L’inizio è folgorante: un rap dal testo evocativo, il palco, diviso da due pareti scorrevoli, svela in alternanza due realtà diverse ma complementari, restituite da una scenografia dinamica e da un ritmo recitativo serrato, che cattura e trascina il pubblico, strappando applausi a scena aperta.
Il testo affronta temi attuali e quotidiani, esplorando le paure, le fragilità e i condizionamenti che attraversano la società contemporanea: diversità di genere, discriminazioni, bullismo e dipendenze mediatiche; senza dimenticare le problematiche sociali e finanche i più attuali temi politici, nazionali ed internazionali.
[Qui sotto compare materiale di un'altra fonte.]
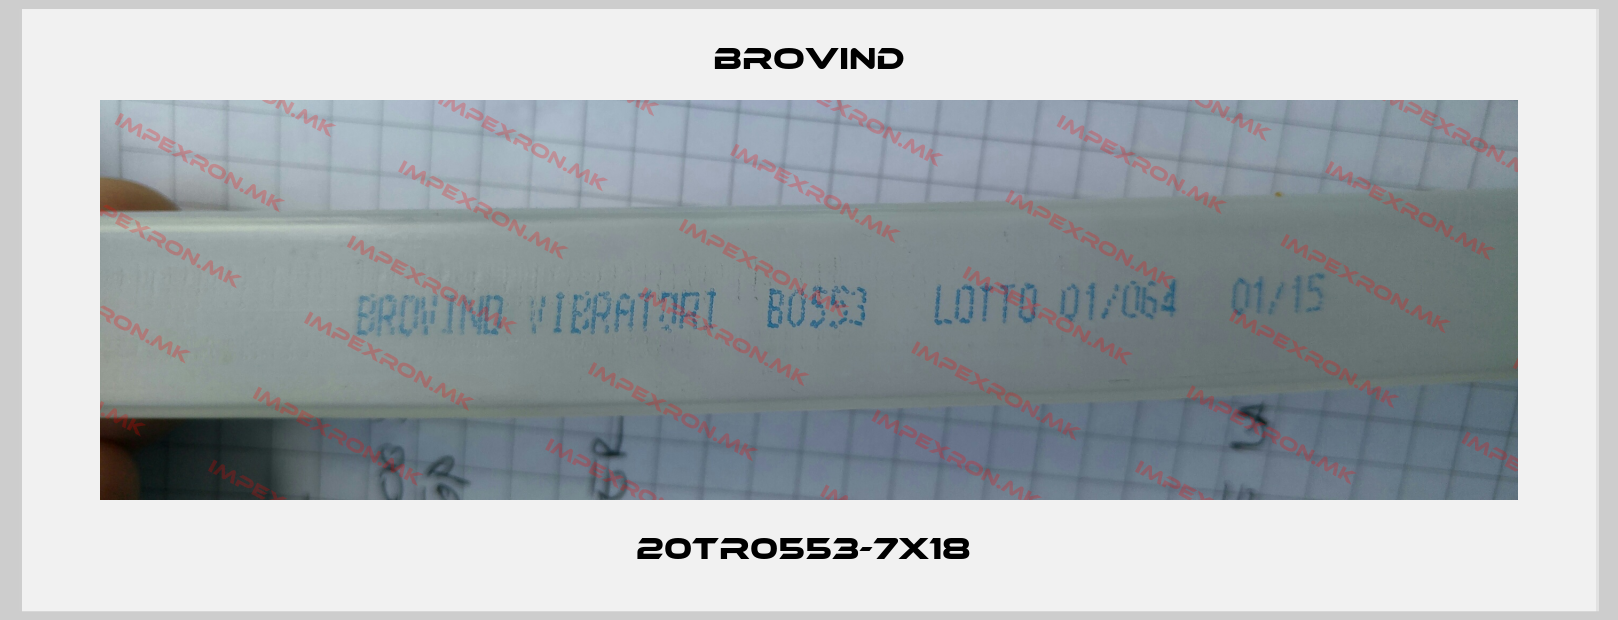 Brovind-20TR0553-7X18 price

In questo quadro l’unica vera “normalità” arriva da un altro pianeta: Ofelia, l’aliena proveniente da Urano, osserva il mondo umano con spontaneità, priva di pregiudizi e schemi, divenendo lo specchio che riflette l’assurdità dei comportamenti “terreni”.
Tra i protagonisti dell’ensemble, Marco Todisco emerge con una forza scenica magnetica ed un carisma naturale che cattura sin dal primo istante.
Attore e regista di grande versatilità, Todisco conquista per energia, autenticità e precisione interpretativa.
Un talento raro, riconosciuto da critica e pubblico, che negli anni lo ha visto protagonista su palcoscenici e set accanto ad Enrico Brignano e Raoul Bova.
Non a caso, il suo percorso artistico spazia tra teatro, cinema e TV, ove ha partecipato a produzioni di grande successo come “Skam Italia”; “Tutto chiede salvezza”; “I Cesaroni”; “Don Matteo”; “Distretto di Polizia”; “Medicina Generale”; “R.I.S. – Delitti imperfetti”; “Nati ieri”; “Fratelli Detective”; “Ho sposato uno sbirro” ed “Imma Tataranni – Sostituto procuratore”.
Tra i protagonisti della nuova stagione anche Filippo Maria Macchiusi, artista poliedrico, che ha saputo conquistare il pubblico sin dai primi istanti con la sua presenza scenica intensa ed autentica.
Laureato in Medicina e Chirurgia, Macchiusi ha scelto di seguire la sua vera vocazione, dedicandosi completamente al teatro e al cinema.
Dotato di un raro equilibrio tra leggerezza e profondità, è capace di passare con disarmante fluidità dall’ironia al dramma, coinvolgendo lo spettatore in ogni sfumatura emotiva.
Indimenticabile la sua recente interpretazione in “Lo stato delle cose“, spettacolo di grande successo, andato in scena al Teatro Parioli Costanzo di Roma e che ha confermato la sua capacità di rendere ogni personaggio umano e credibile.

“Life Is Life è un esperimento di contaminazione tra linguaggi: la sitcom che incontra il teatro, la leggerezza e la profondità…”, afferma Massimiliano Bruno.
“Volevo raccontare il mondo di oggi, con i suoi paradossi e le sue contraddizioni, ma senza rinunciare al divertimento. Un modo nuovo di abitare la scena, un percorso che cresce nel tempo, come la vita stessa…”, afferma Bruno.
Perché, del resto, a volte basta davvero uno sguardo alieno per ricordarci che, nonostante tutto, la Terra resta un pianeta meravigliosamente imperfetto.